**Activity**
Return all the data below as it stands, minus the pictures.

**Stored data**
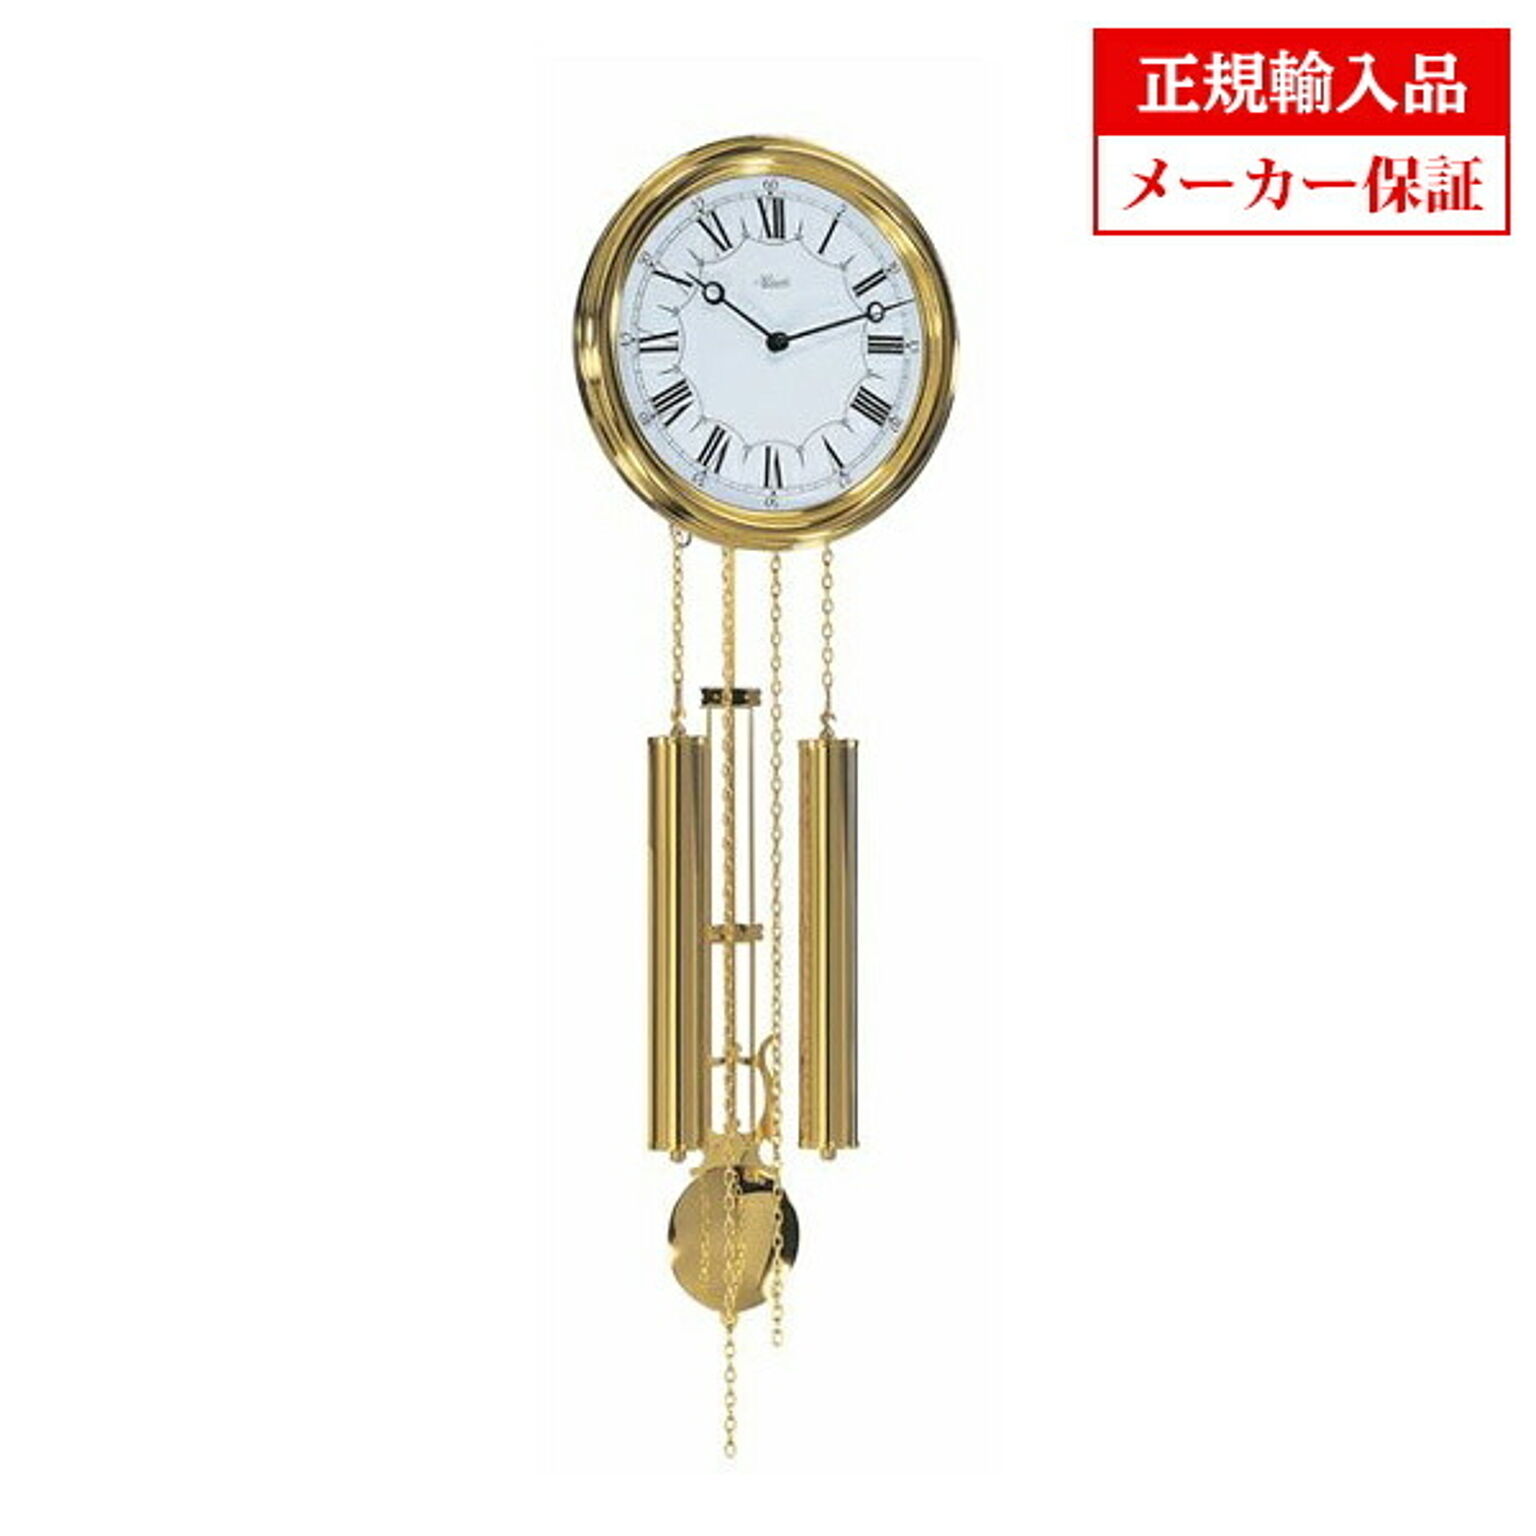 ヘルムレ HERMLE 60992-002214 機械式掛け時計 真鍮
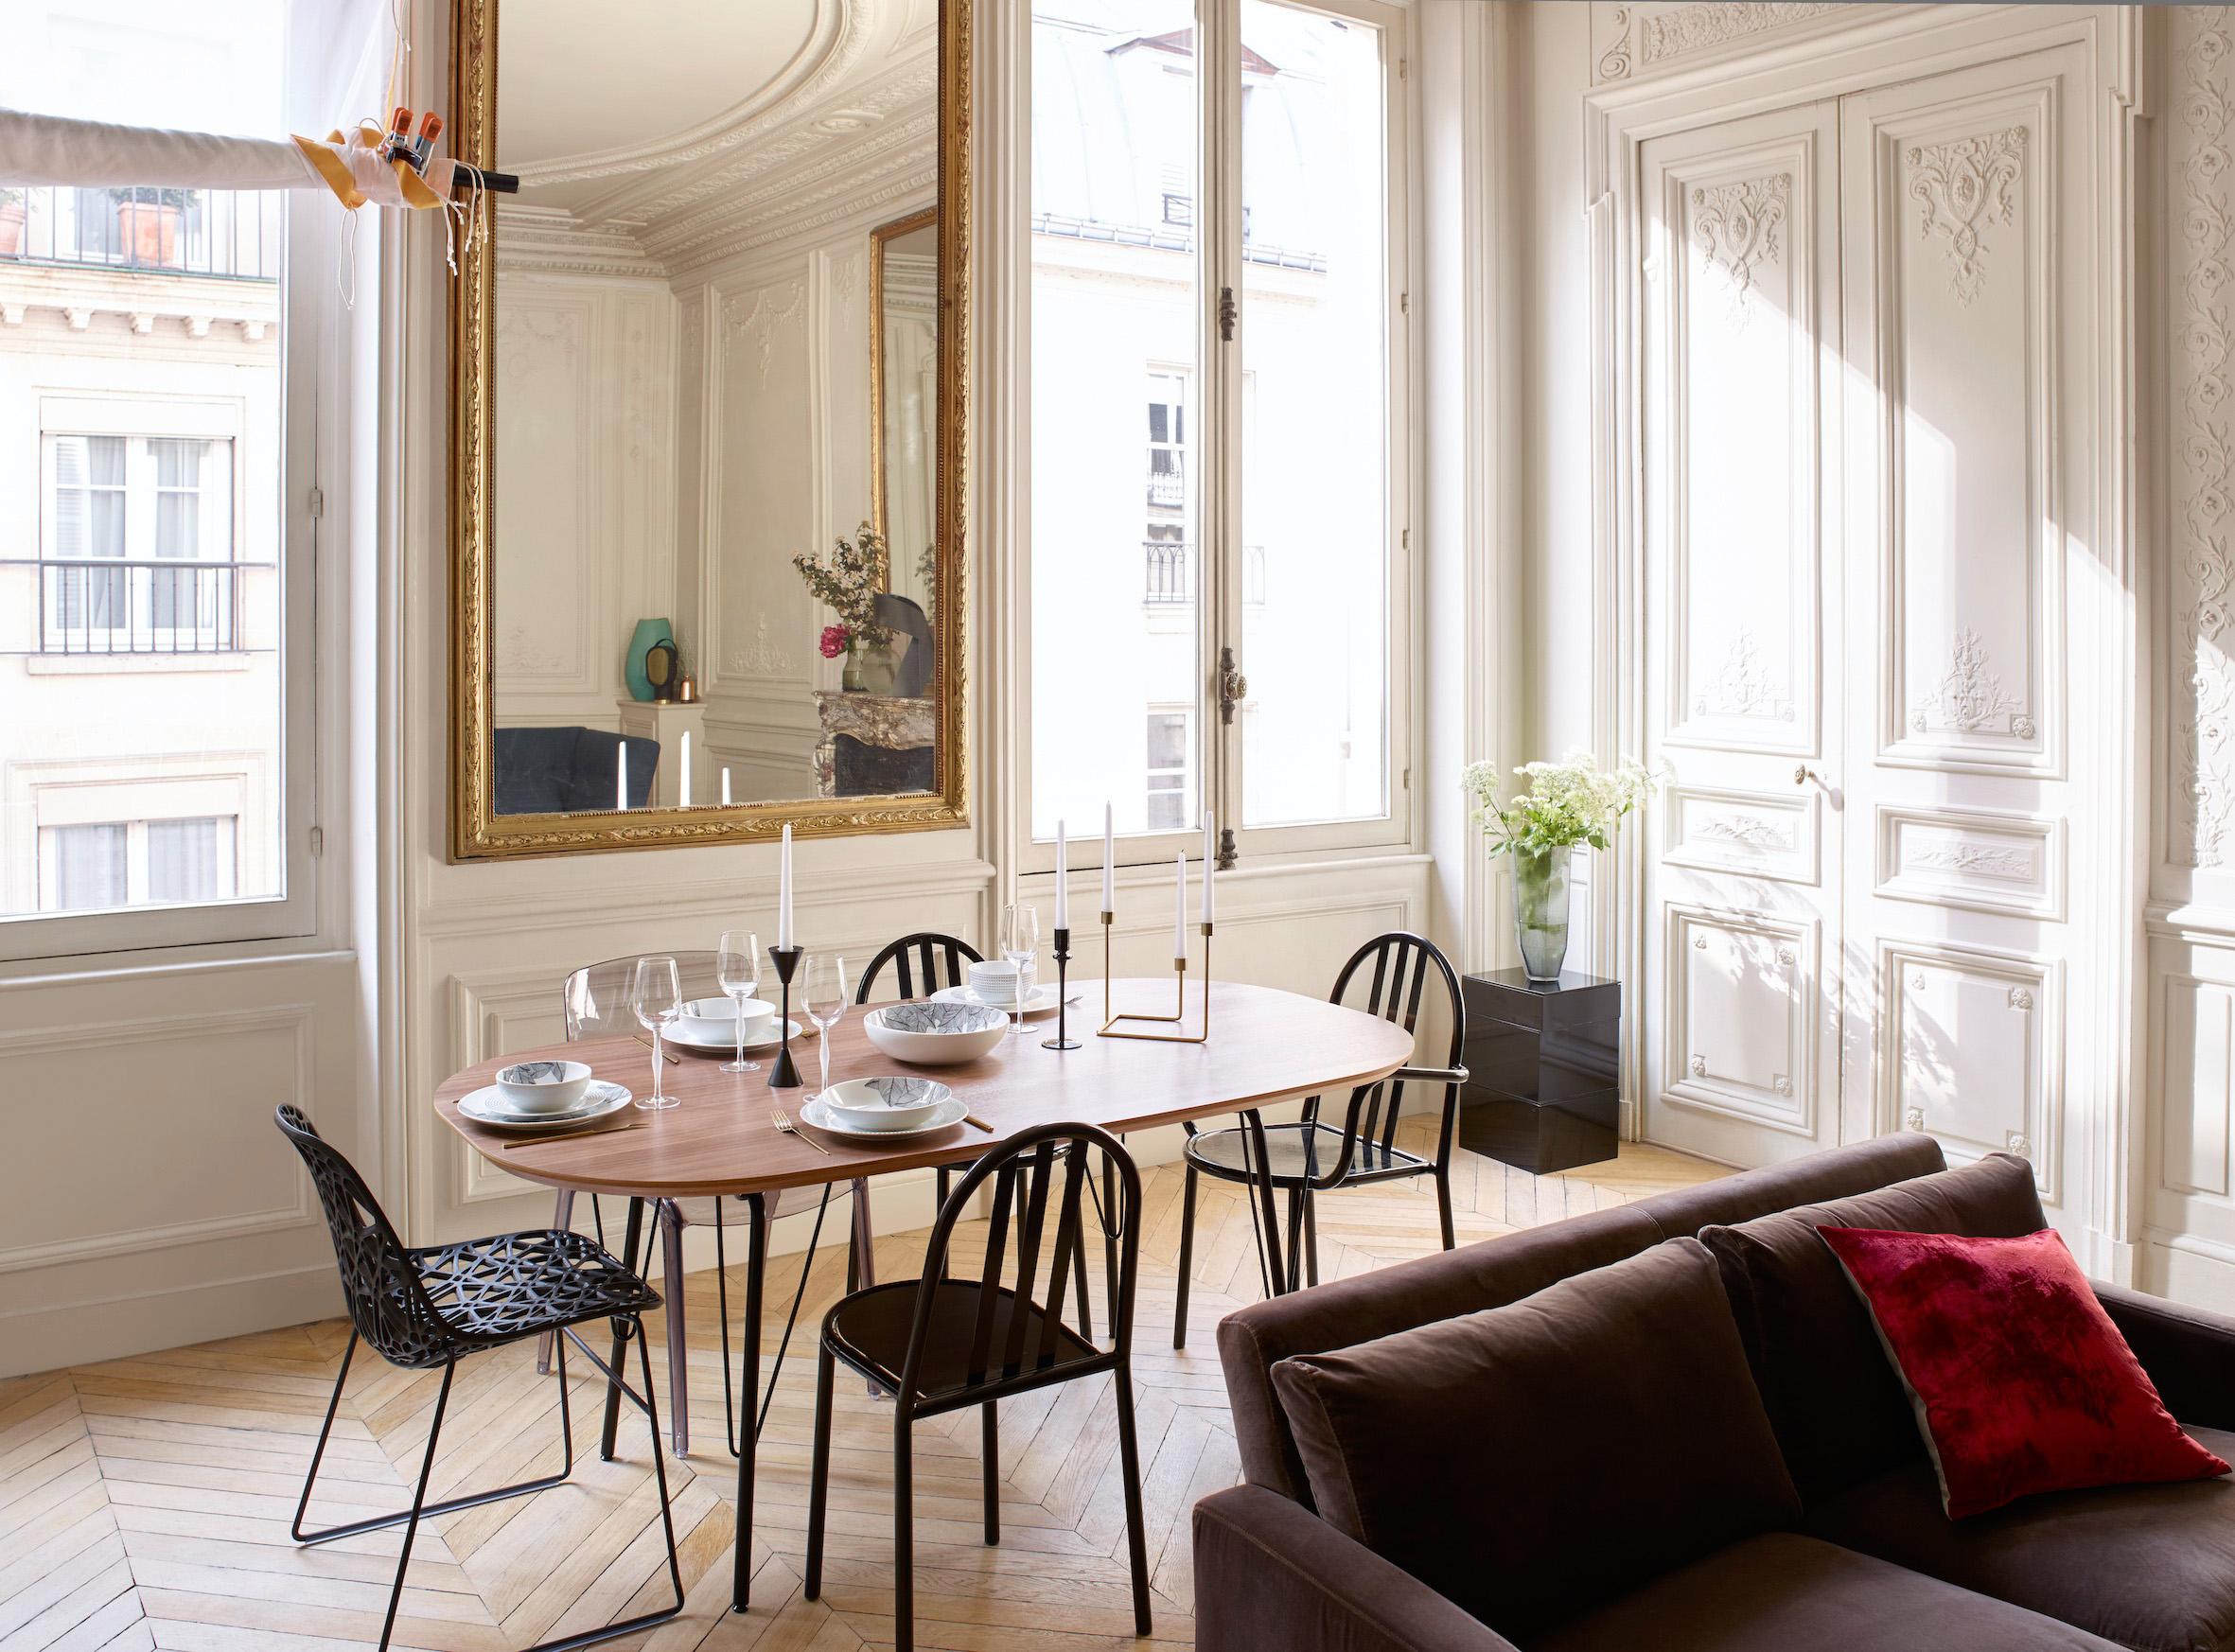 Moderne Möbel im klassischen Wohnzimmer #wohnzimmer #parkettboden #goldfarbenerspiegel #braunessofa #zimmergestaltung ©Habitat
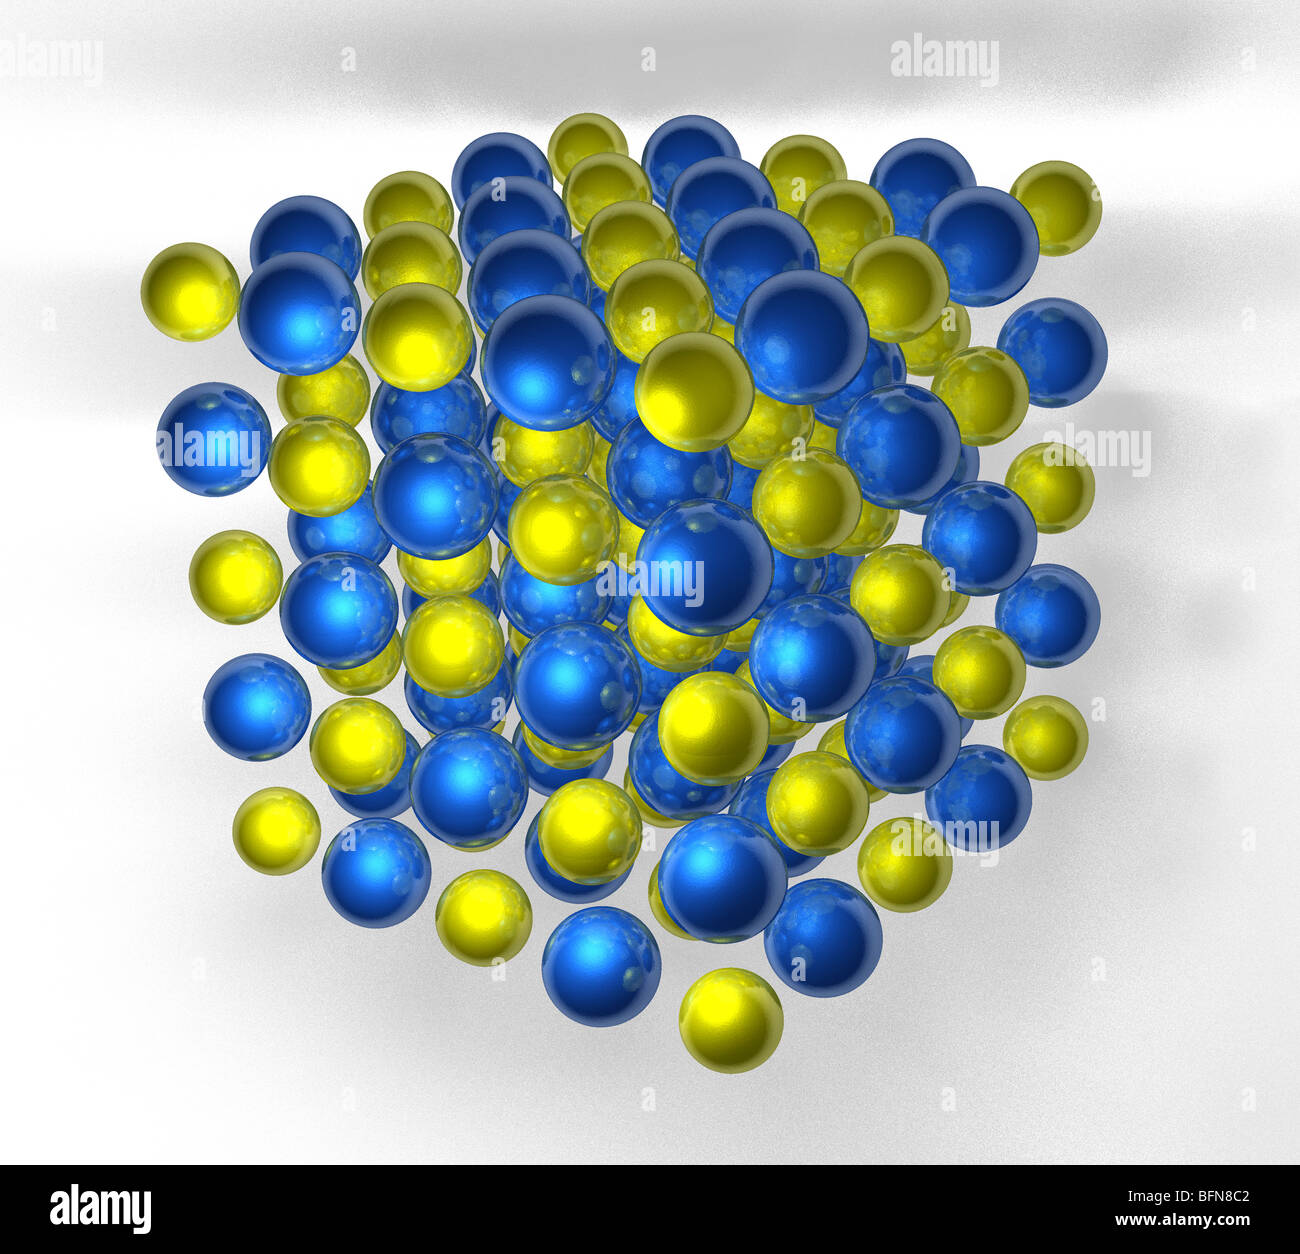 Computer illustrazione grafica della struttura del reticolo cristallino di Sale e cloruro di sodio. Foto Stock
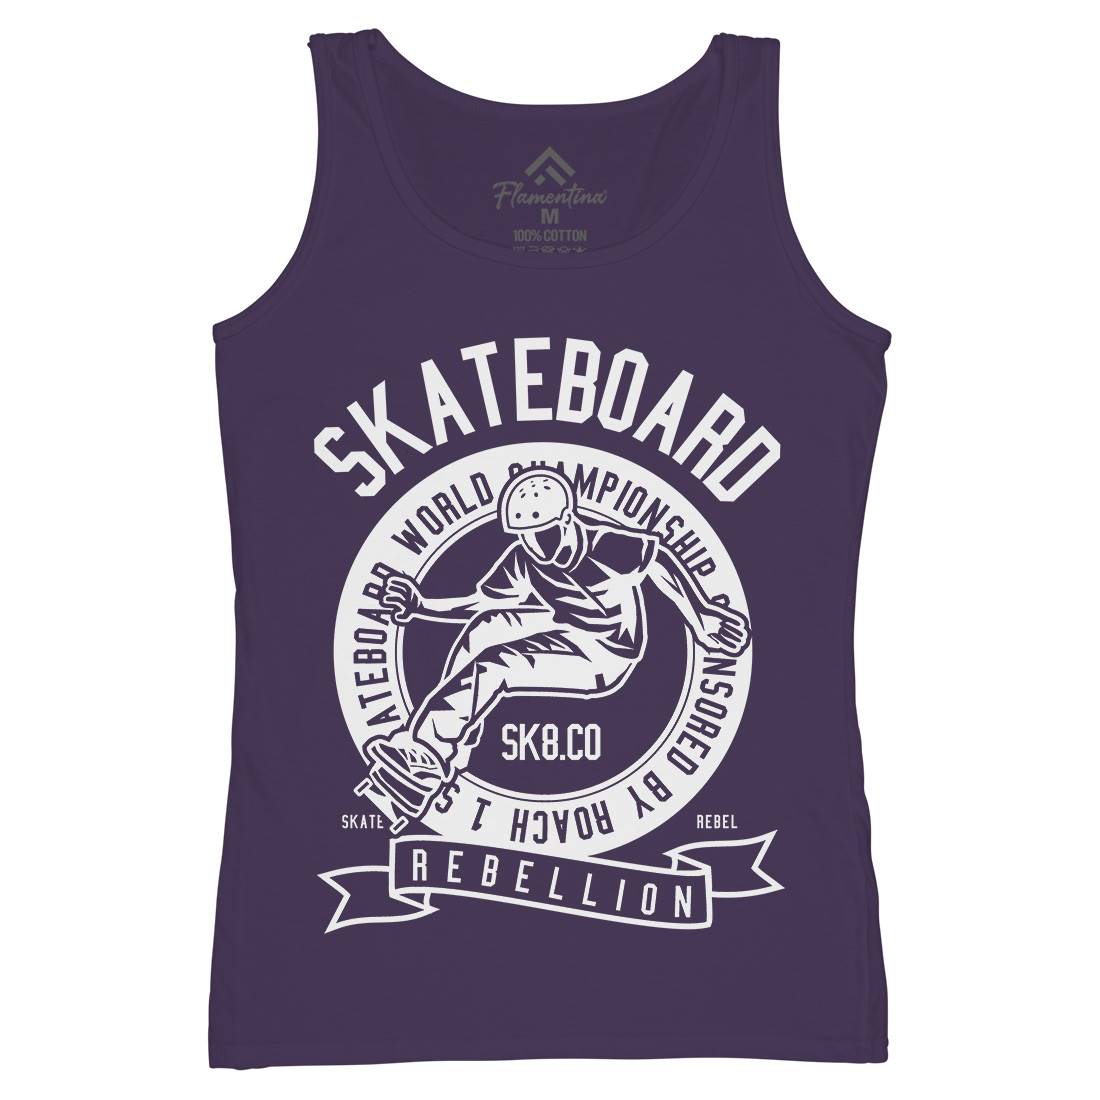 Skateboard Rebellion Womens Organic Tank Top Vest Skate B624

**Exercise output**
 ヘルムレ HERMLE 60992-002214 機械式掛け時計 真鍮
 Moderne Möbel im klassischen Wohnzimmer #wohnzimmer #parkettboden #goldfarbenerspiegel #braunessofa #zimmergestaltung ©Habitat
 Computer illustrazione grafica della struttura del reticolo cristallino di Sale e cloruro di sodio. Foto Stock
 Skateboard Rebellion Womens Organic Tank Top Vest Skate B624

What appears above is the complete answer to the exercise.